* _Material provided_
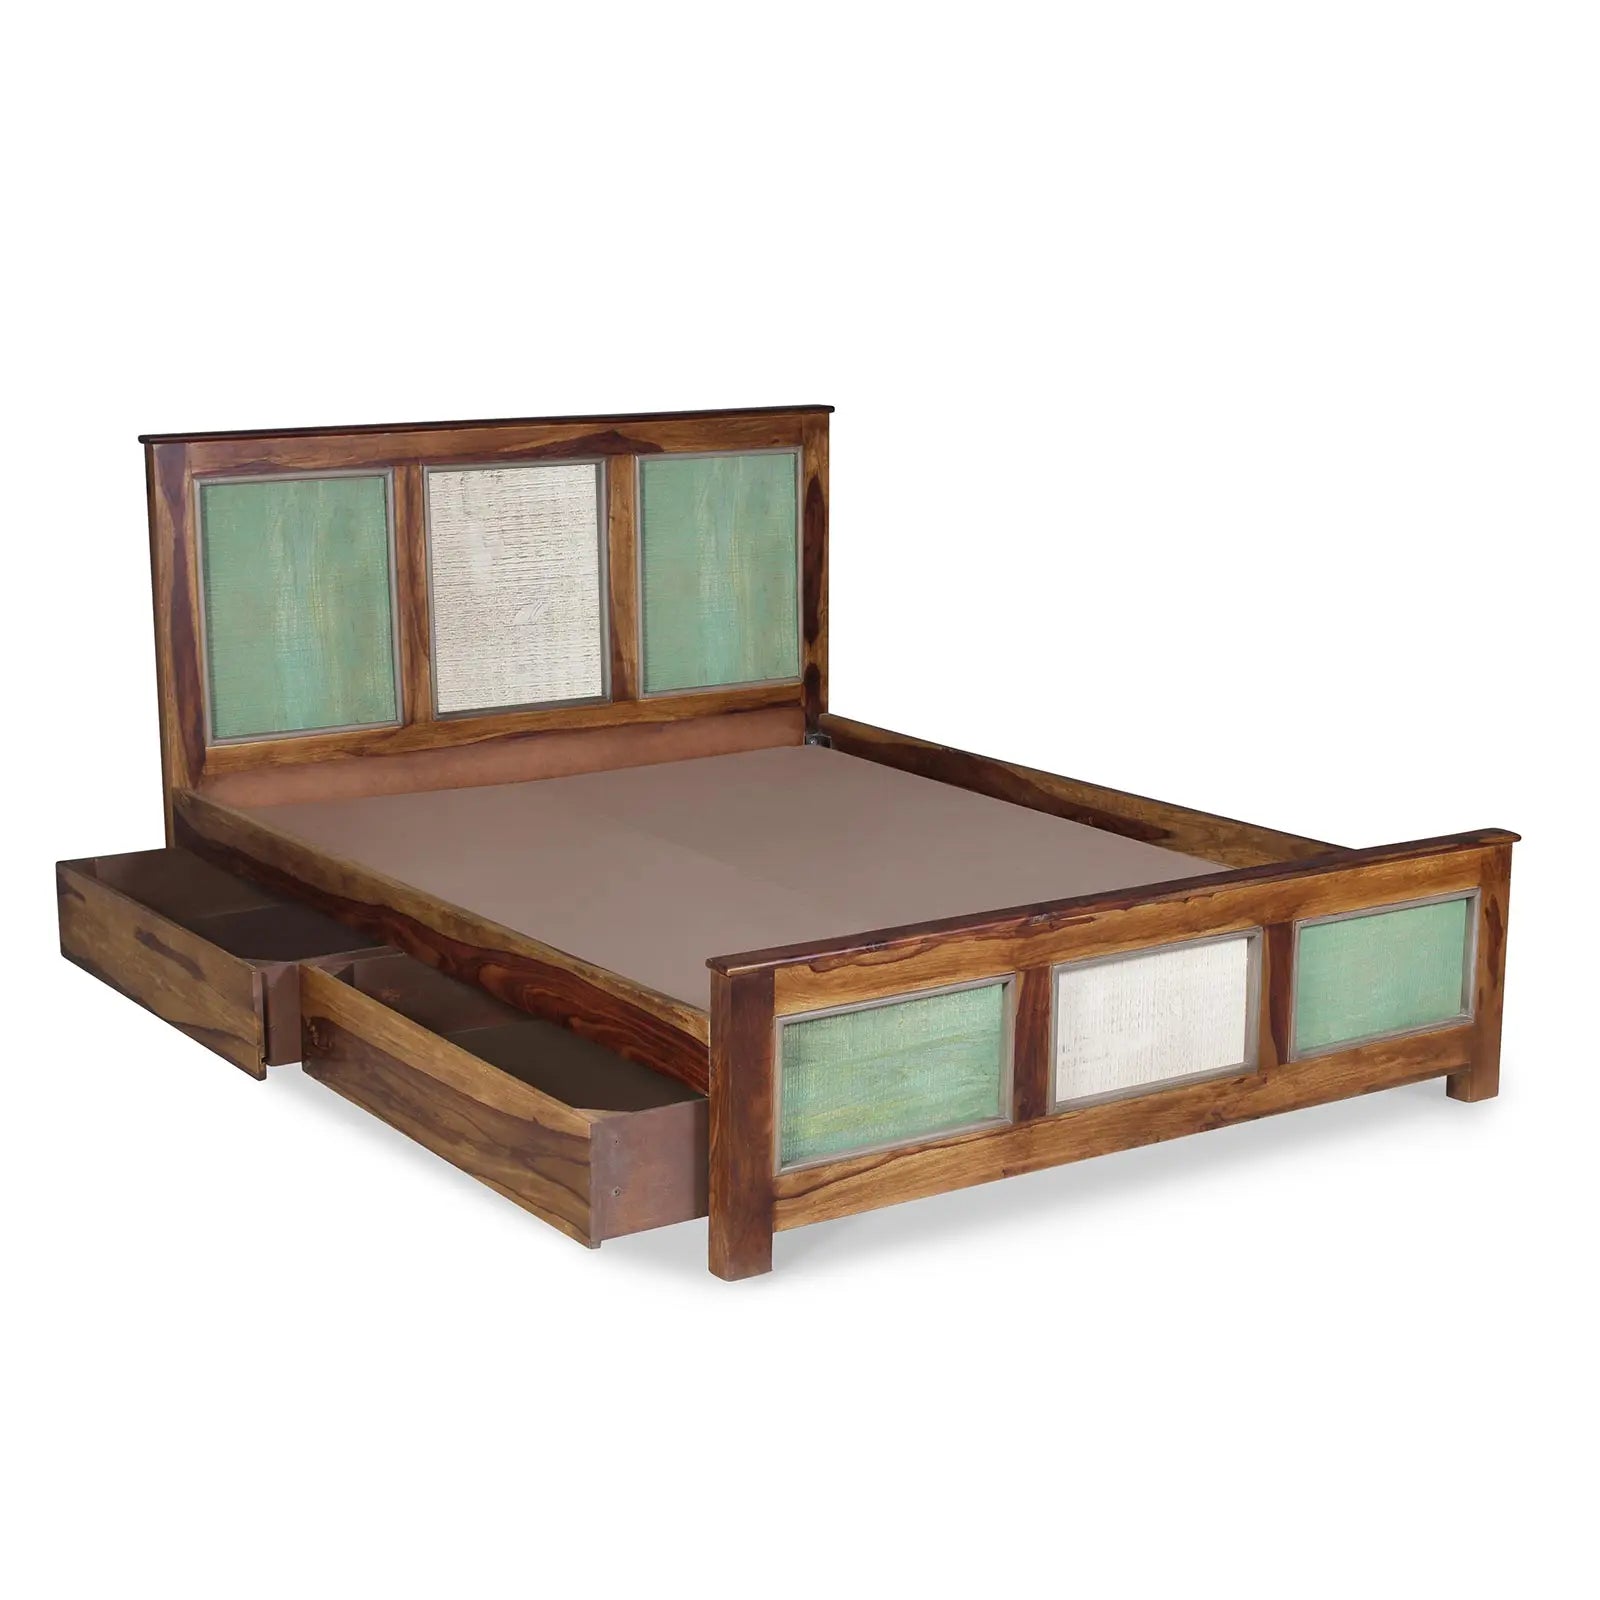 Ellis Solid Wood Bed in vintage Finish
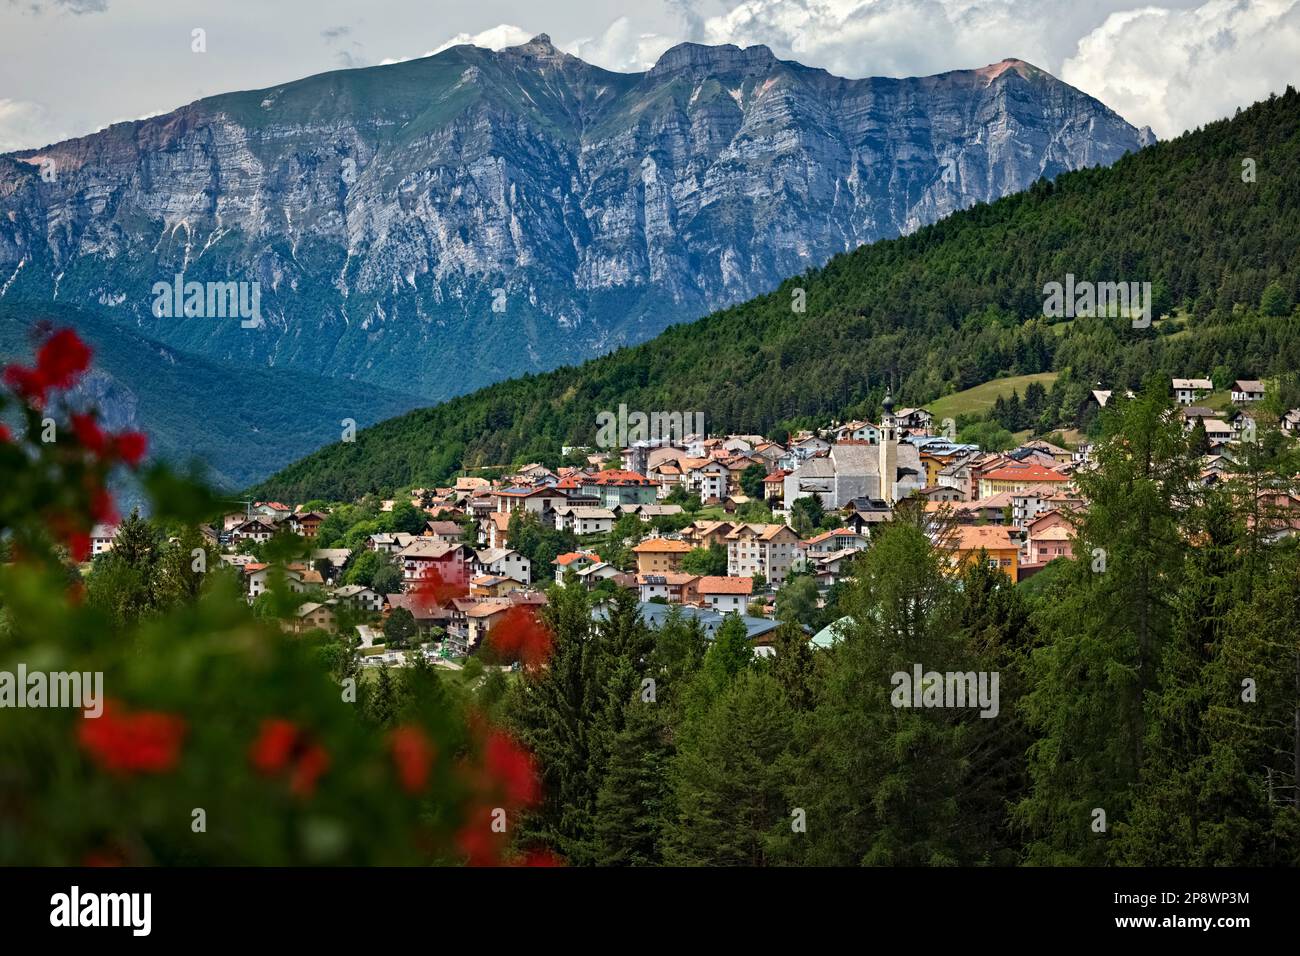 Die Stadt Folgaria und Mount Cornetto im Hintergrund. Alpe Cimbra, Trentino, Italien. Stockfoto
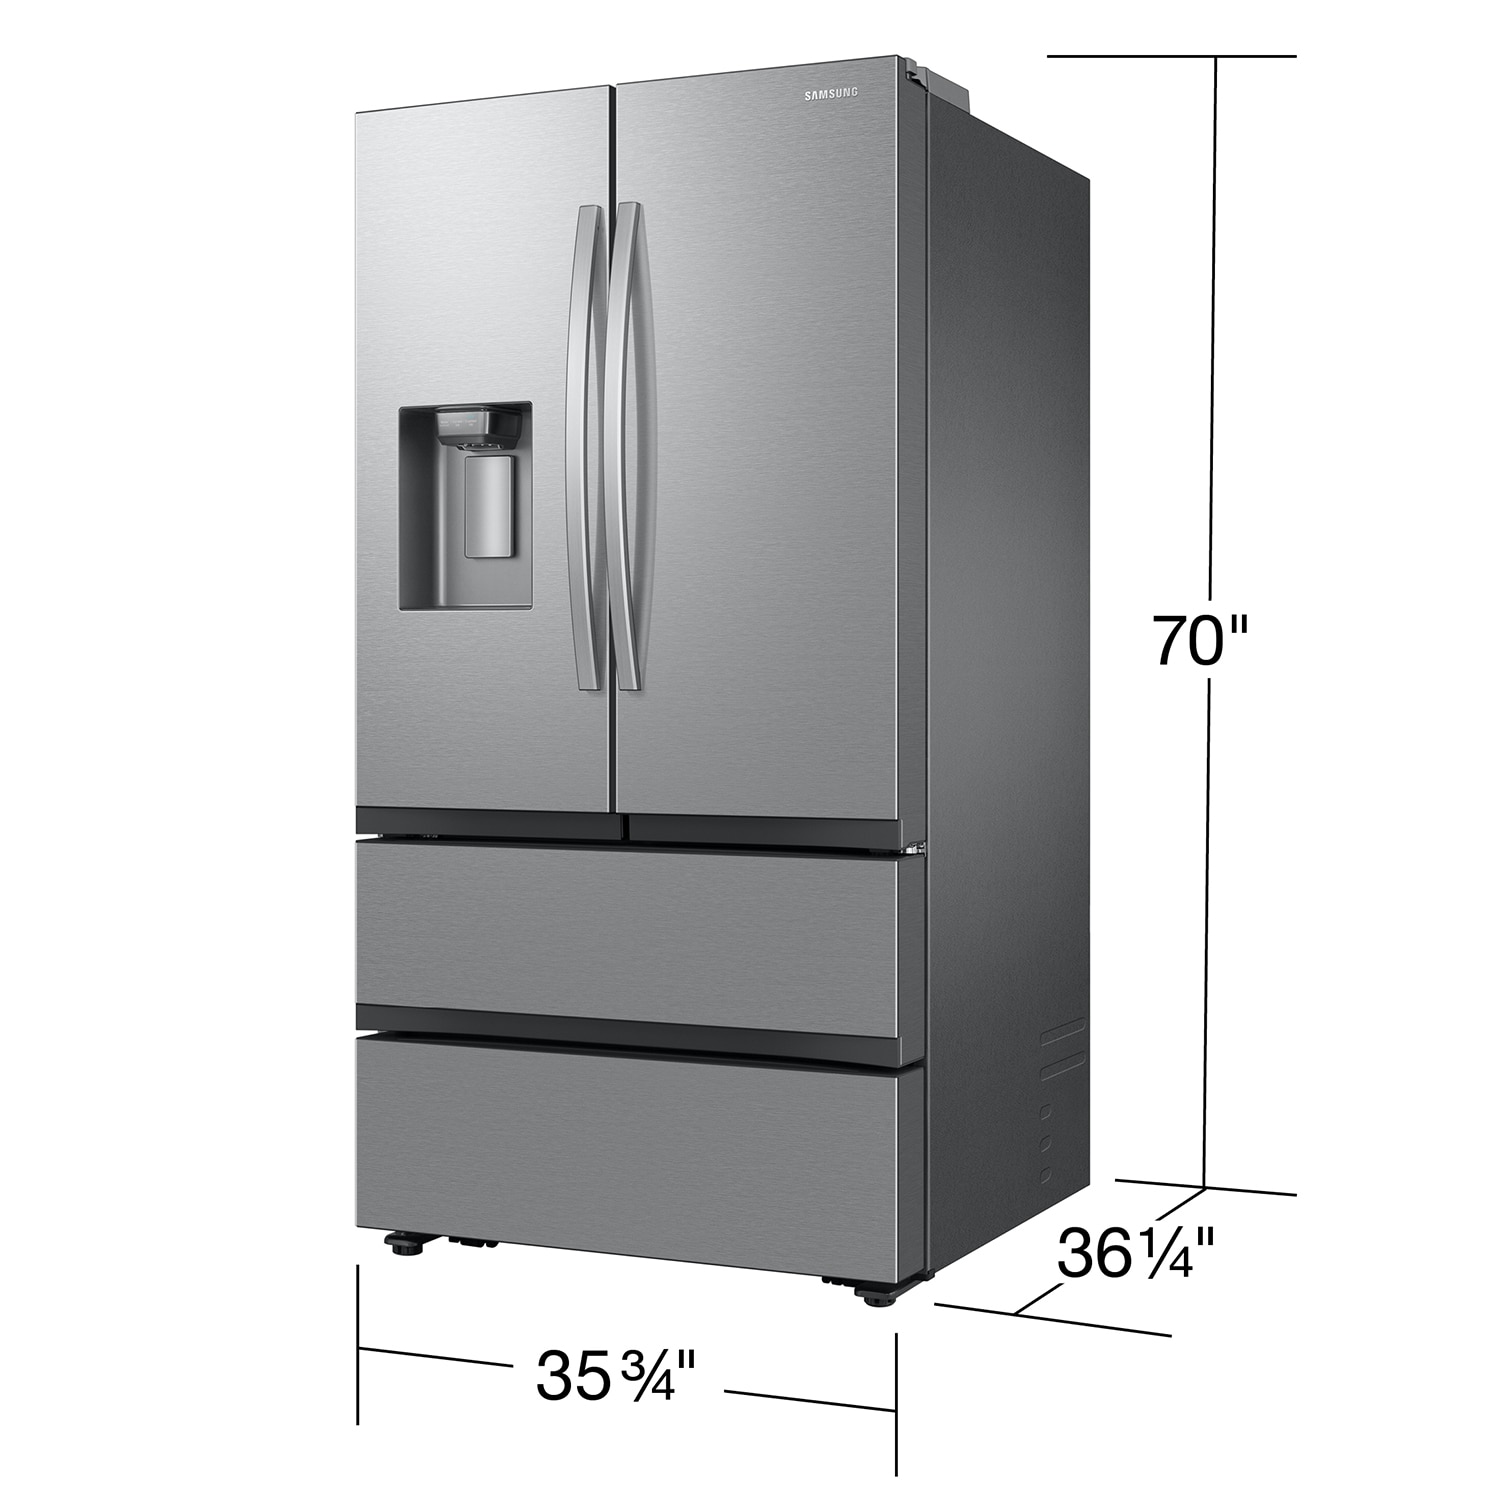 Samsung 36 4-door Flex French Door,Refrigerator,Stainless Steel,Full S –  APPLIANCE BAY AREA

* _What is required_
Return exactly the lines starting at the line with "Die Stadt Folgaria" and ending at the last line of the listing, both ends included; pictures are to be left out.

* _Worked solution_
 Die Stadt Folgaria und Mount Cornetto im Hintergrund. Alpe Cimbra, Trentino, Italien. Stockfoto
 Samsung 36 4-door Flex French Door,Refrigerator,Stainless Steel,Full S –  APPLIANCE BAY AREA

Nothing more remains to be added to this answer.